After absinthe, sake-tinis and soy-based vodkas, what's the next big thing in spirits going to be? Quite possibly tequila—but not the paint-stripping firewater that gave you no end of college hangovers. Instead, look for upmarket tequilas better suited to sophisticated, postprandial sipping rather than dilution with margarita mix. There's certainly a renewed consumer interest in premium brands of the spirit. According to the Distilled Spirits Council in the U.S., sales by volume of premium tequila jumped by a total of over 50% in 2003 and 2004—a trend some attribute to increased acceptance of, and appreciation for, Hispanic and Mexican cultures among Stateside consumers.

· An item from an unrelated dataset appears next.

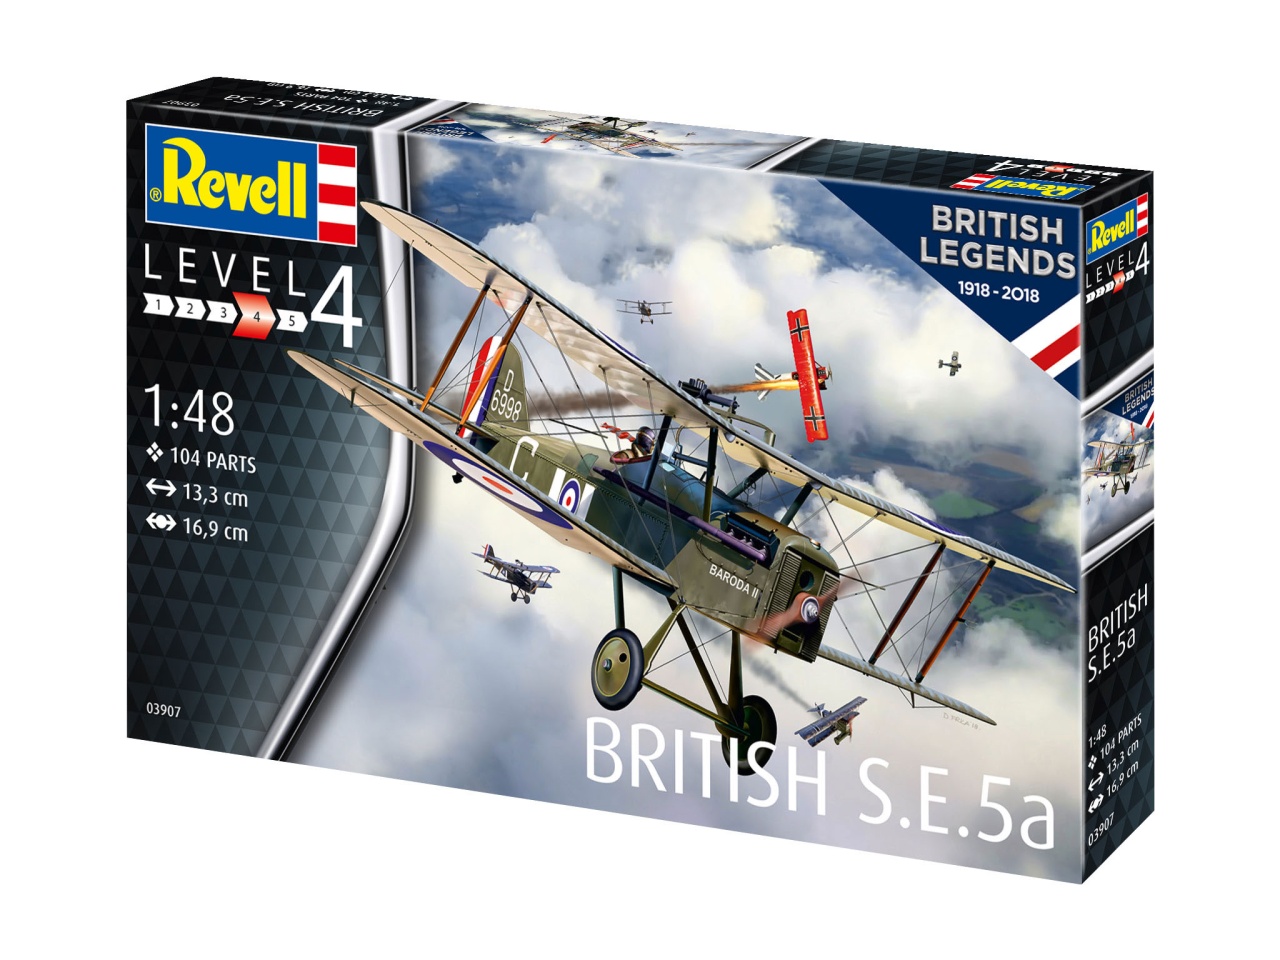 Revell 03907 British Legends British S. E.5a 1:48

For the uninitiated, proper tequila is the liquor of the blue agave plant, which, contrary to popular belief, is not a cactus but a lily (and strictly speaking, spirits made from other kinds of agave are not tequila at all, but mezcal). Much like whiskey or wine, tequila has its own system of classifications. Tequila that has been aged for two months is known as reposado
; if it spends more than a year in the barrel, it's classified as añejo
. The other popular designation—gold—refers to tequila that is flavored with caramel. One of the hottest new brands on the market, XXX Siglo Treinta, is a gold. If that's not to your taste, try El Diamante del Cielo, a rather new and fashionable white tequila. And this time, you can pass on the salt and lemon.